Here's a "heads up" to Heads Up,...it truly is NOT a simple subject, but there ARE ways to simplify the application of it!
To break it down somewhat, it is good to look at it from a basic perspective.
The deco programs in use are (1) Haldane-based (or neo-Haldanian, as Charlie pointed out), and (2) non-Haldanian.
Most of the popular, (here read prevalent), programs are directly based on Haldane's work, with added modifications, or "tweaks", and thus can be labled "Neo-Haldanian". As such, they deal with gas as it moves into and out of solution.
A real argument begins when you get to the non-Haldanian category. It could be argued that any time you deal with gas in solution in the body, you are dealing with a subject researched and more or less "codified" by Haldane. Therefore, in the strictest terms, all of the newer work is at least neo-Haldanian. Now, of course, it can and will be argued by the mathematicians and physicists that the mathematical model is completely different, and therefore the previous statement is not correct. I would have to venture that this would be a subject for them to argue. For the rest of us, it does not matter a heck of a lot!

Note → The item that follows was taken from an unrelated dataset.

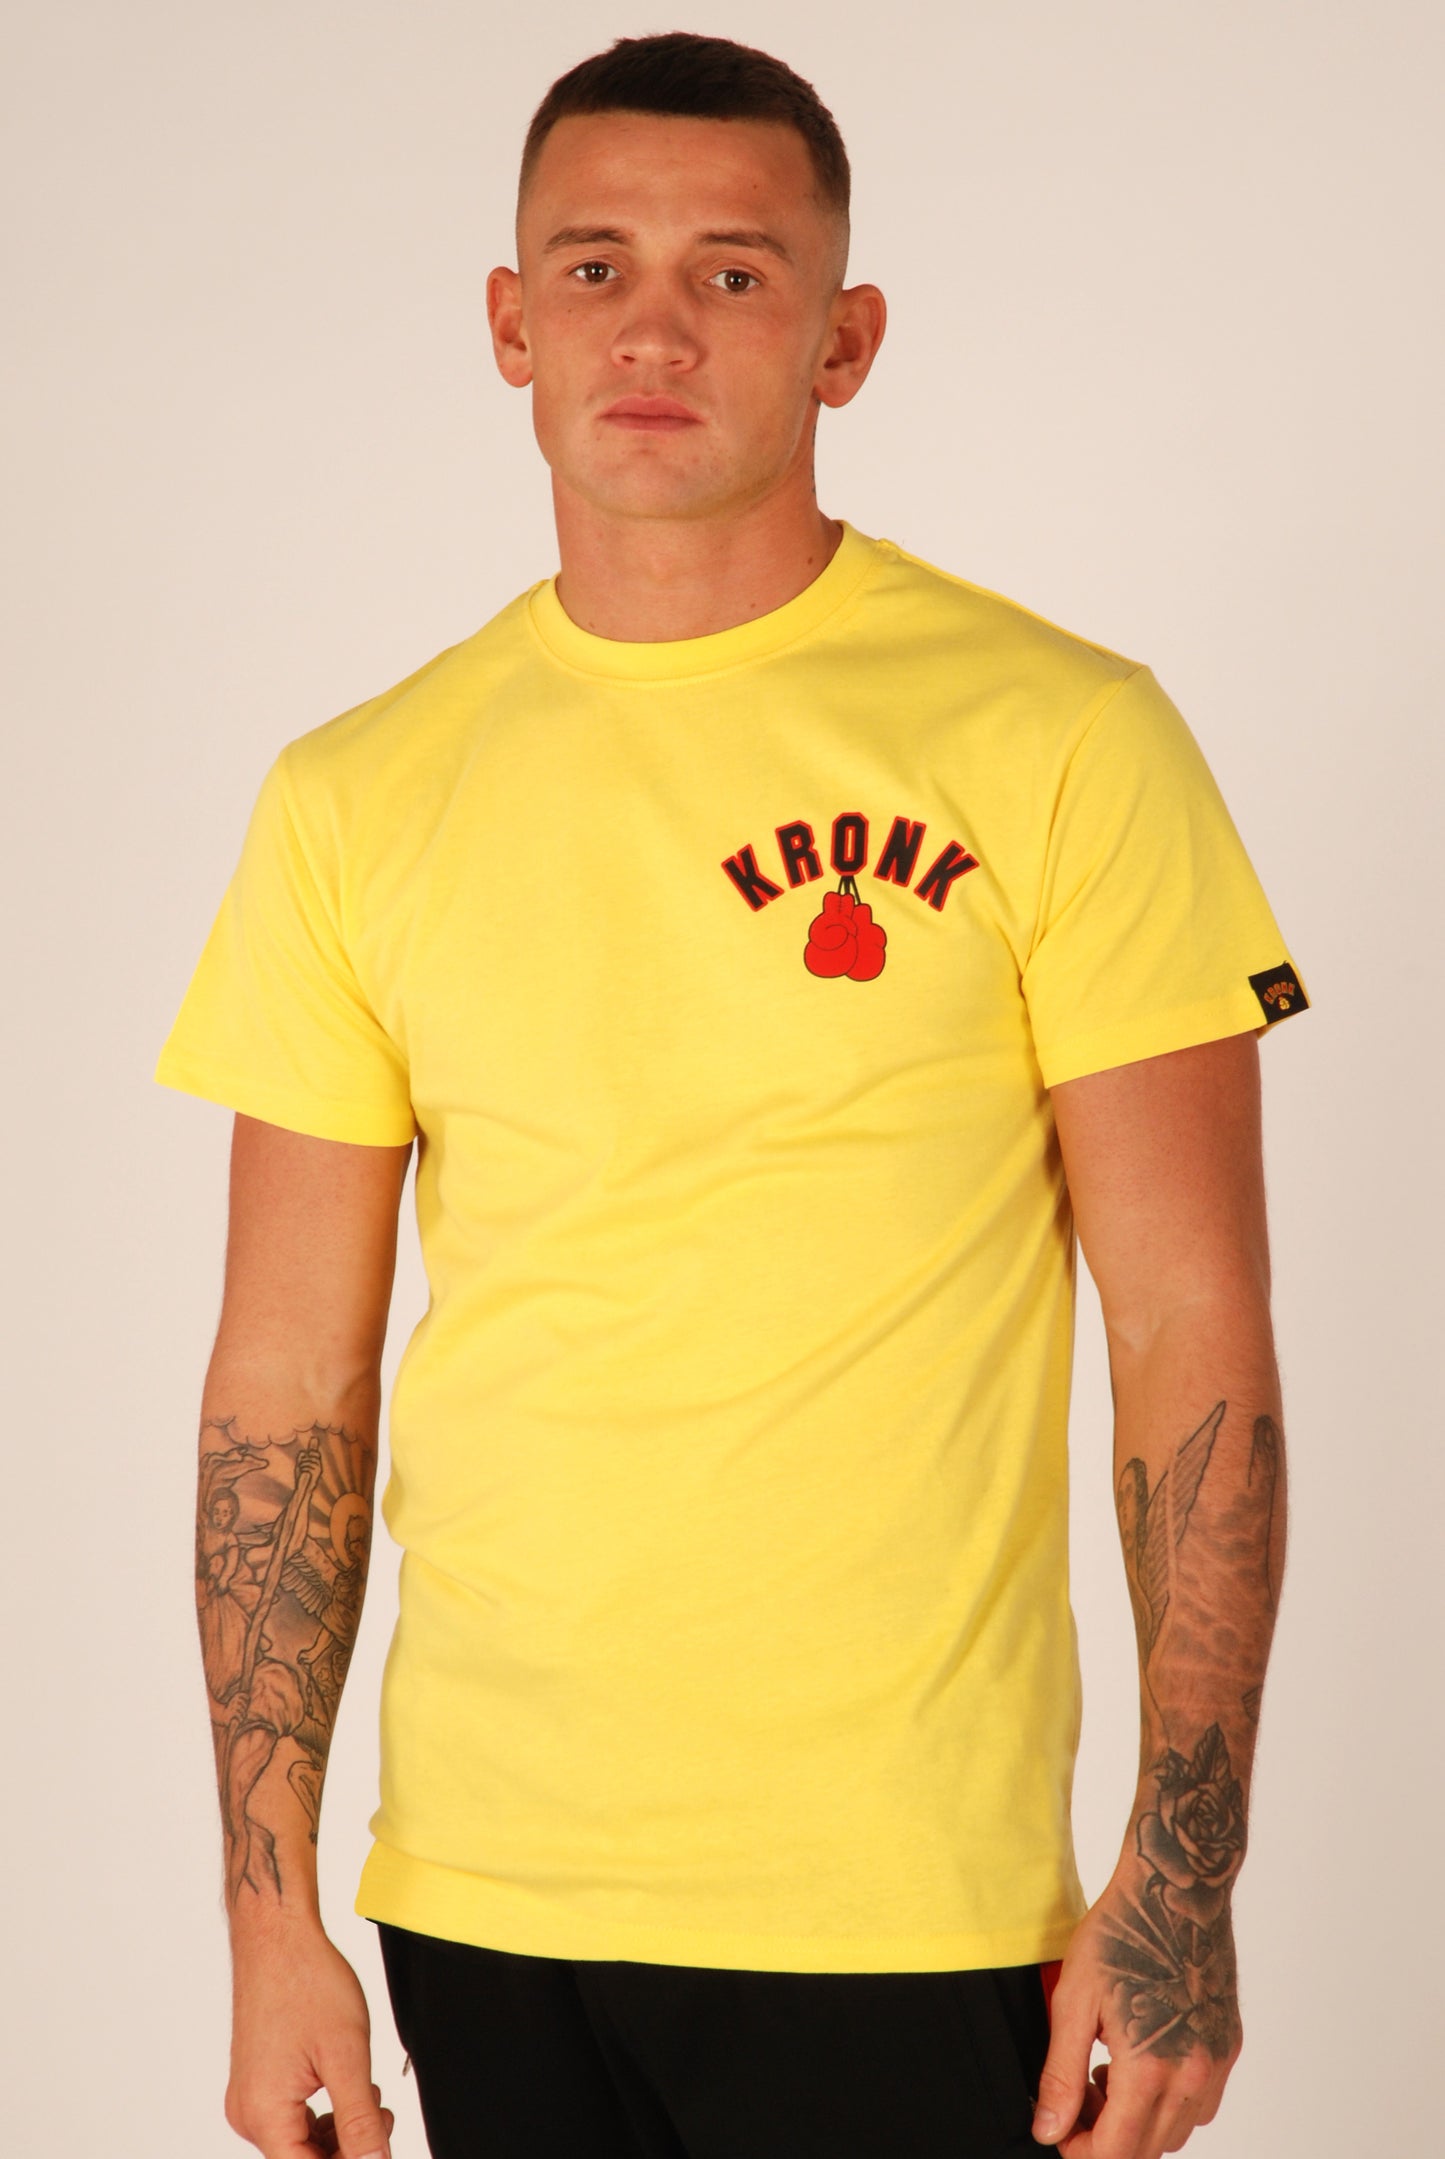 KRONK Julio Cesar Chavez Training Camp Regular Fit T Shirt Yellow

What does matter to us is ease of use, and the general level of safety in the practical application, i.e. our diving. We as divers must recognize that NOT ONE of these programs can offer a 100% guarantee of safety. If nothing else, that is not statistically possible.
It then behooves us to find a model that has been well researched, both mathematically, and physically.

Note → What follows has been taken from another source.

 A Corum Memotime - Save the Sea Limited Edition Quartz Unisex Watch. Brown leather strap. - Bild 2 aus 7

A good example is the Reduced Gradient Bubble Model (RGBM), created by Dr. Bruce Wienke, of Los Alamos National Laboratory (LANL). RGBM is a deco model that treats both gas in solution, and gas in the free or bubble phase.

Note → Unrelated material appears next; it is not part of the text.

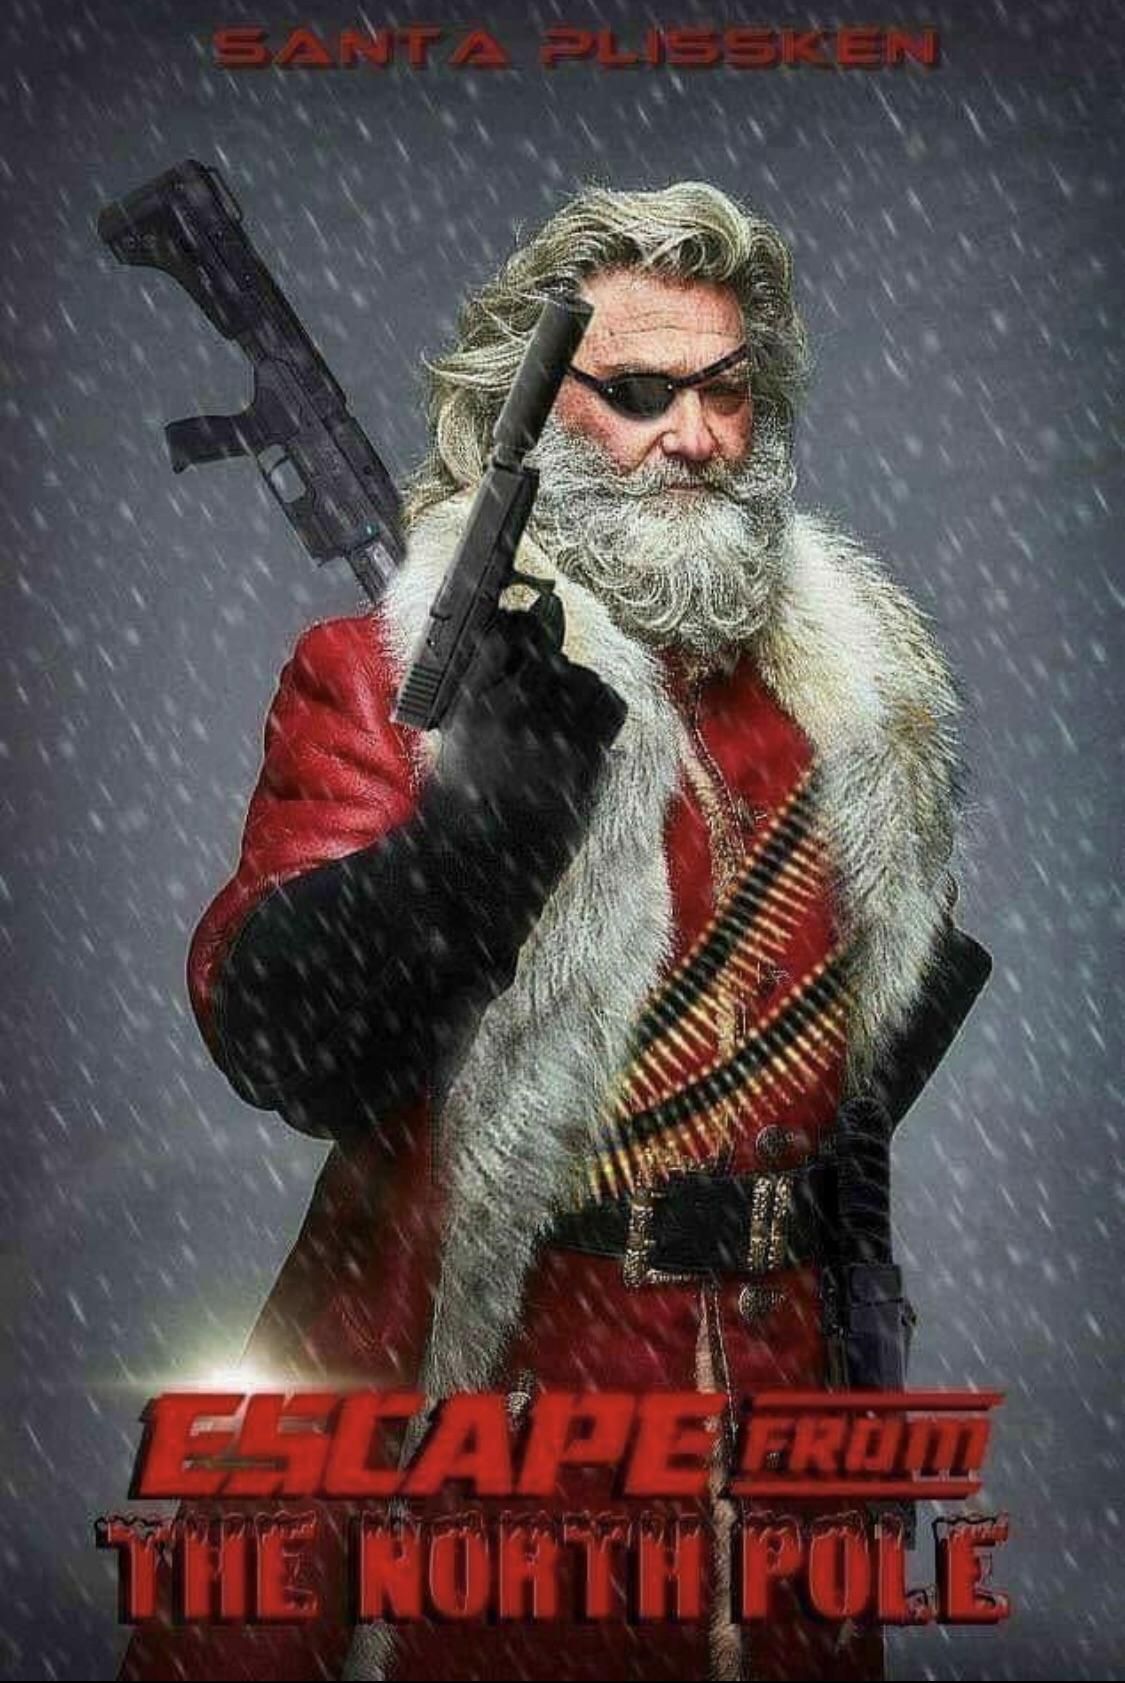 The Santa we needed.

Dr. Wienke is, in actual fact, a nuclear physicist. He is also a diver, and an advisor to various government special operations dive units.
Dr. Wienke has put his model through rigorous mathematical testing, using the super-computers available to him at LANL. (I would venture to say LANL has at least as much computing power available as the NSA (No Such Agency), and perhaps more so.
The model has also been rigorously tested by human "crash test dummy volunteers" from various government dive groups, Tim O'Leary's NAUI tech research folks, IANTD's Tom Mount, and others, and has proved to be extremely successful.
It has been suggested to me, by certain individuals in the profession who should know, that the latest iteration of the "GAP" by Kees Hofwegen, is the best example of a full-implementation RGBM program currently available. I do know that the "GAP" has a good user interface, and seems to be relatively intuitive to use. It also offers a fair amount of user adjustable factors to account for such things as workload, temperature, and user preference (i.e. diver desired level of "conservatism").
For an excellent treatment of the subject of decompression and of the RGBM, I would recommend the book "Technical Diving in Depth" by B. R. Wienke, offered by Best Publishing. I would be the first one to admit that I am not a mathematician, either by trade or preference. There is, however, enough explanation in the text to enable one to "read around" the math and understand what has been done with the concept. For those so trained and inclined, Dr. Wienke has included the math as "proof of concept".
I hope that this will be helpful to you in your understanding of a sometimes nebulous and often confusing subject!
BJD